ReLaX-VQA: Residual Fragment and Layer Stack Extraction for Enhancing Video Quality Assessment
Xinyi Wang, Angeliki Katsenou, David Bull
TL;DR
ReLaX-VQA tackles the challenge of No-Reference Video Quality Assessment for diverse User-Generated Content by combining selective spatio-temporal fragment sampling with layer-stacked deep features from ResNet-50 and ViT. The framework comprises three modules: Spatio-Temporal Fragment Sampling to extract salient RFs/MF from frame differences and optical flow, DNN Feature Extraction with multi-layer fusion, and a lightweight MLP regressor trained with a composite MAE and Rank loss. Empirically, it achieves state-of-the-art or competitive performance across four NR-VQA benchmarks and the large-scale LSVQ, especially when fine-tuned, with strong generalization across resolutions. The work demonstrates that focusing on high-variability spatio-temporal regions and combining local/global feature representations yields robust NR-VQA results, offering open-source code and pretrained models for broader adoption.
Abstract
With the rapid growth of User-Generated Content (UGC) exchanged between users and sharing platforms, the need for video quality assessment in the wild is increasingly evident. UGC is typically acquired using consumer devices and undergoes multiple rounds of compression (transcoding) before reaching the end user. Therefore, traditional quality metrics that employ the original content as a reference are not suitable. In this paper, we propose ReLaX-VQA, a novel No-Reference Video Quality Assessment (NR-VQA) model that aims to address the challenges of evaluating the quality of diverse video content without reference to the original uncompressed videos. ReLaX-VQA uses frame differences to select spatio-temporal fragments intelligently together with different expressions of spatial features associated with the sampled frames.

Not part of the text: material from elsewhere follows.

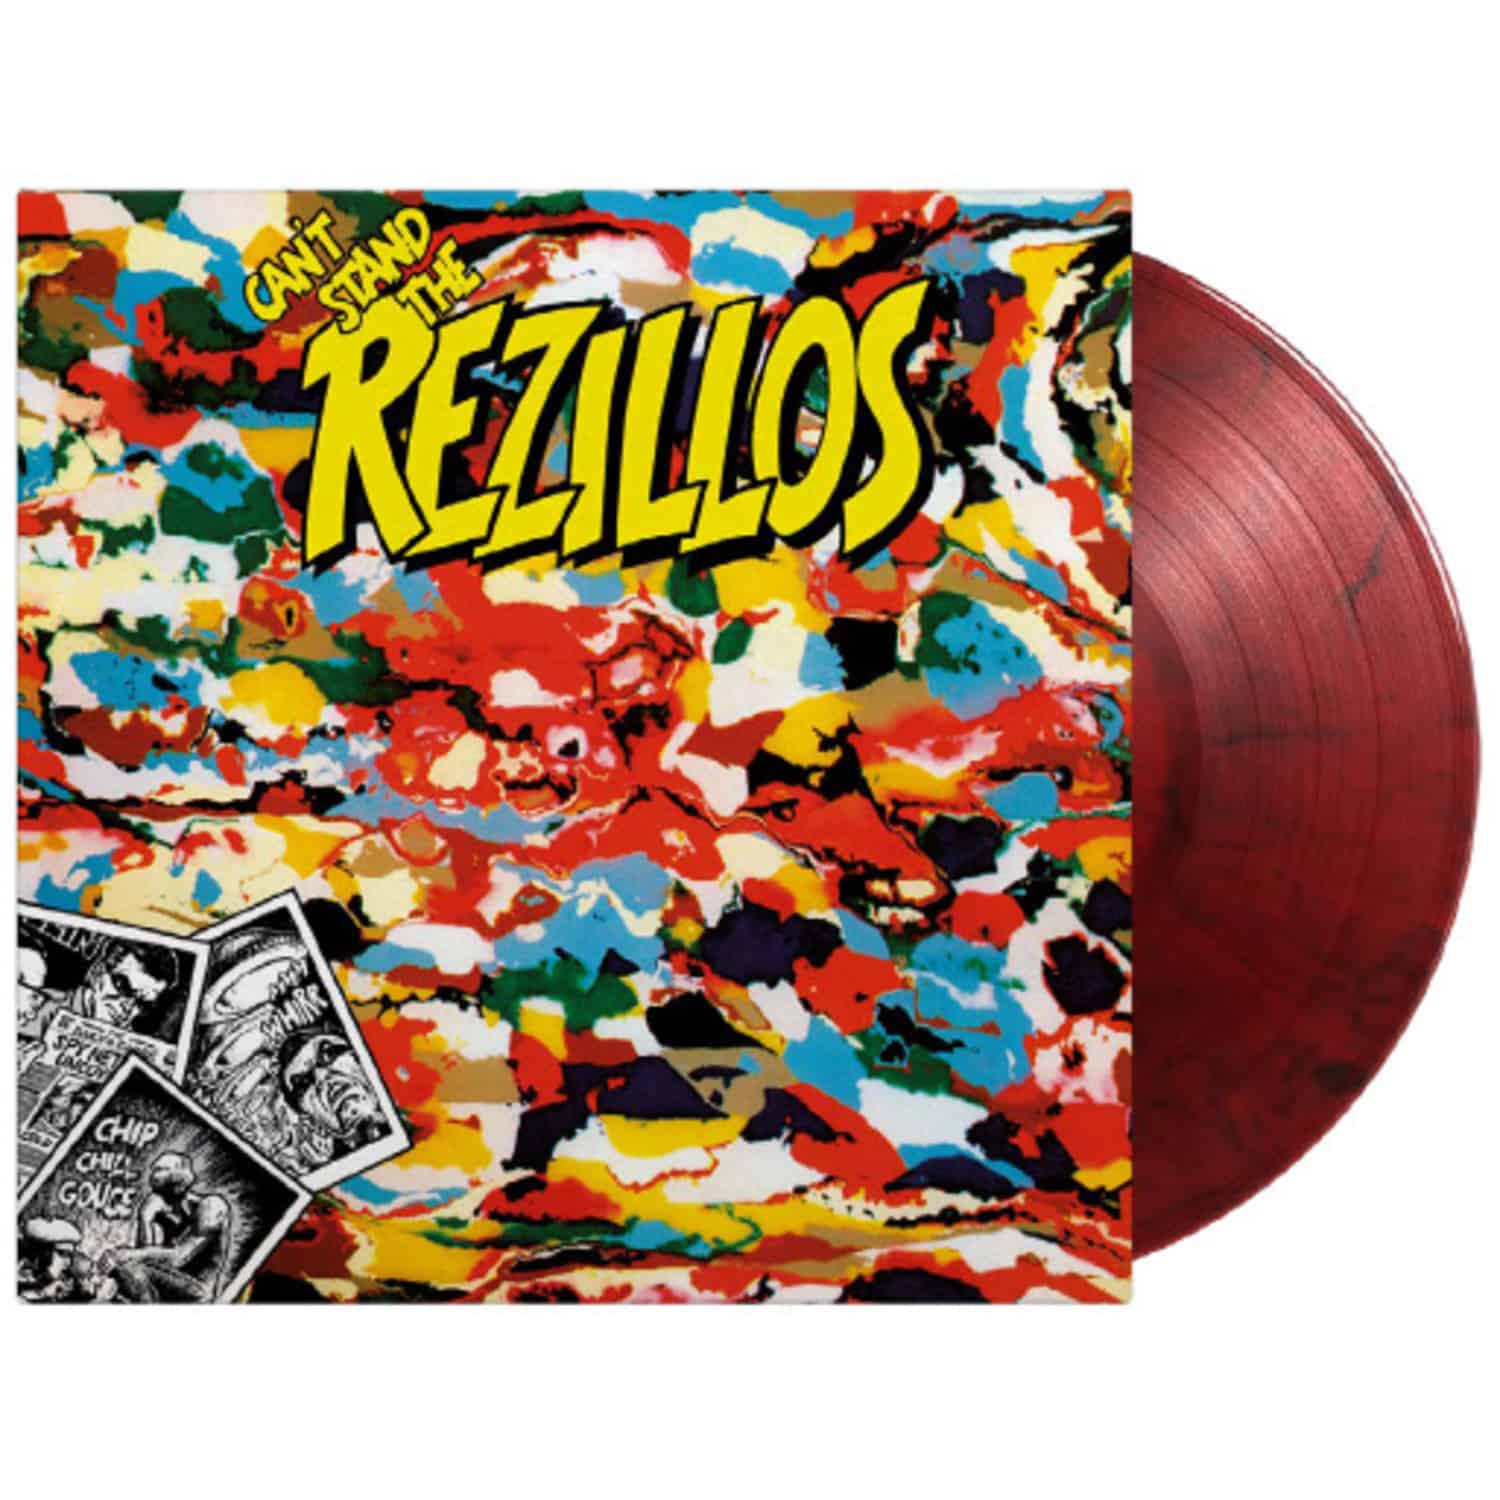 Rezillos - CAN T STAND THE REZILLOS 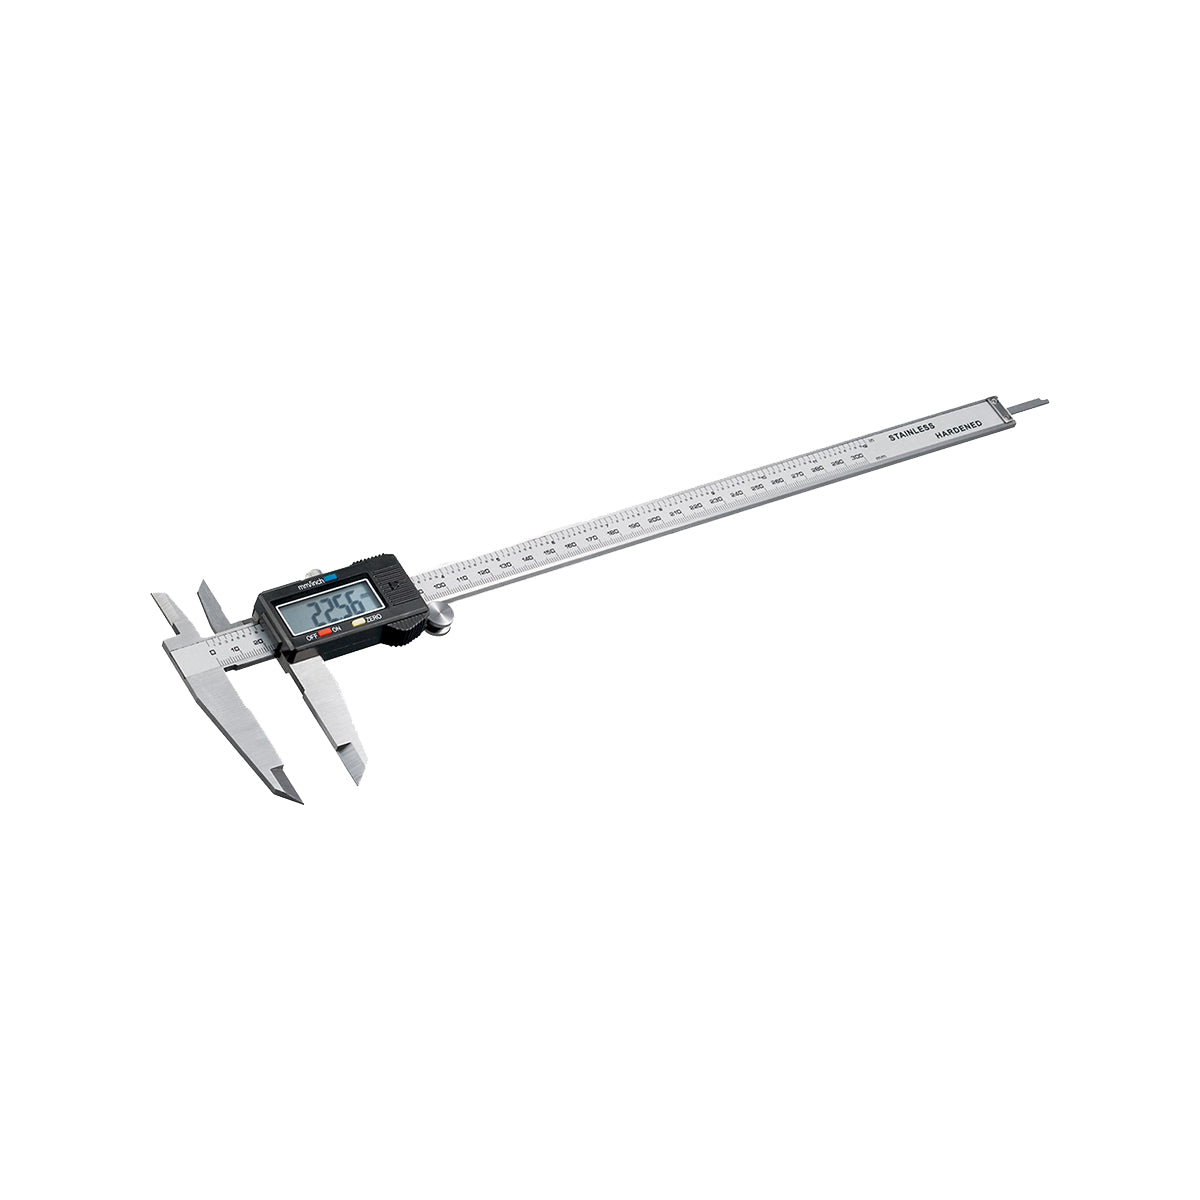 Goobay Digital Caliper 300 mm / 12 Inch for Measurements from 0 mm - 300 mm

These are then used to better capture spatial and temporal variabilities in the quality of neighbouring frames. Furthermore, the model enhances abstraction by employing layer-stacking techniques in deep neural network features from Residual Networks and Vision Transformers. Extensive testing across four UGC datasets demonstrates that ReLaX-VQA consistently outperforms existing NR-VQA methods, achieving an average SRCC of 0.8658 and PLCC of 0.8873. Open-source code and trained models that will facilitate further research and applications of NR-VQA can be found at https://github.com/xinyiW915/ReLaX-VQA.